Литмир - Электронная Библиотека
A
A

Александр Гоноровский

Собачий лес

Жуковский 2017-2018

736

Александрина Ирена принцесса Прусская или Адини́, как ласково звала ее мама, была особенной. Врачи говорили, что у нее монголизм. Давным-давно его открыл и описал доктор Даун.

Это Адини назвала подаренную ей на девятый день рождения куклу Гретель. Адини плохо выговаривала букву «р». Совсем не по-немецки эта буква дрожала у нее на небе, от этого кукольное имя звучало по-птичьи нежно.

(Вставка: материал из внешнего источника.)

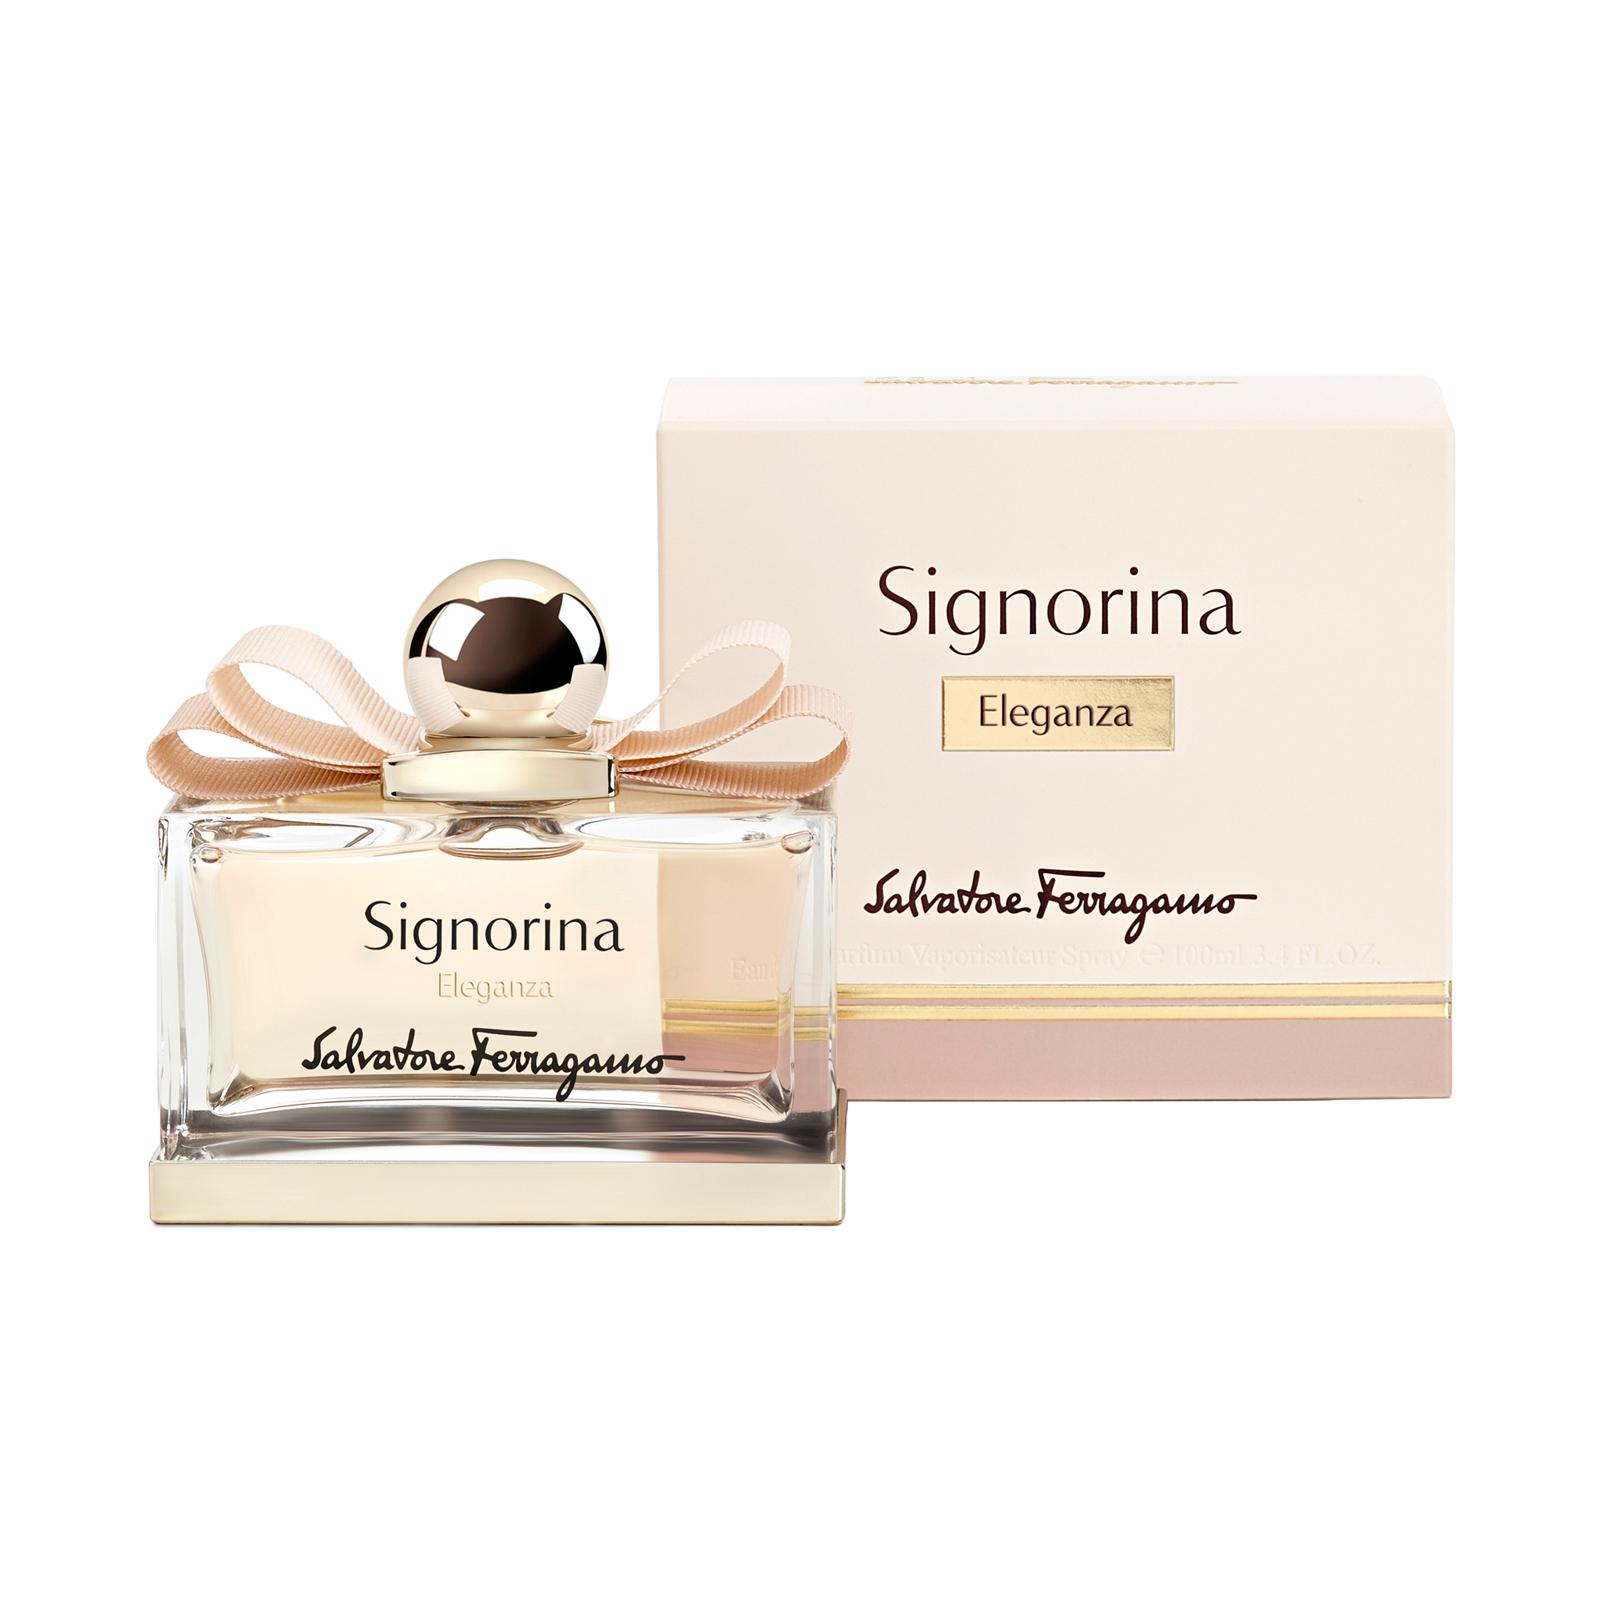 Salvatore Ferragamo Signorina Eleganza - parfémová voda W Objem: 30 ml

Подарить Адини большую вязаную куклу решил известный архитектор Пауль Людвиг Троост. Позже его ценил сам Адольф Гитлер. Это Троост сделал так, что дом Адини, дворец Цецилиенхоф, изнутри стал похож на огромный океанский корабль.

– Кукла должна быть очень большой, – говорил Пауль Людвиг Троост, – чтобы ребенок мог видеть ее, в какой бы части детской он не находился.

Кукла, сделанная по эскизам Трооста, вышла милой, но слишком большой игрушкой. Гости посматривали на куклу с иронией.

В девятый день рождения Адини окружали удивительные подарки. Музыкальная шкатулка из бисквитного фарфора. Цветные мелки. Красная металлическая тележка. Конструктор, из которого можно было складывать бревенчатые домики. Был даже подаренный папой американский электрический паровоз LIONEL – черный, деловито спешащий по настоящим, но очень маленьким рельсам. Пауль Людвиг видел, что его кукла выглядела громоздко и архаично рядом с обыкновенными игрушками, которые делали на обычных фабриках. Но как художник он знал – очень важно вовремя произнести слова, которые будут следовать за тем, что ты создал.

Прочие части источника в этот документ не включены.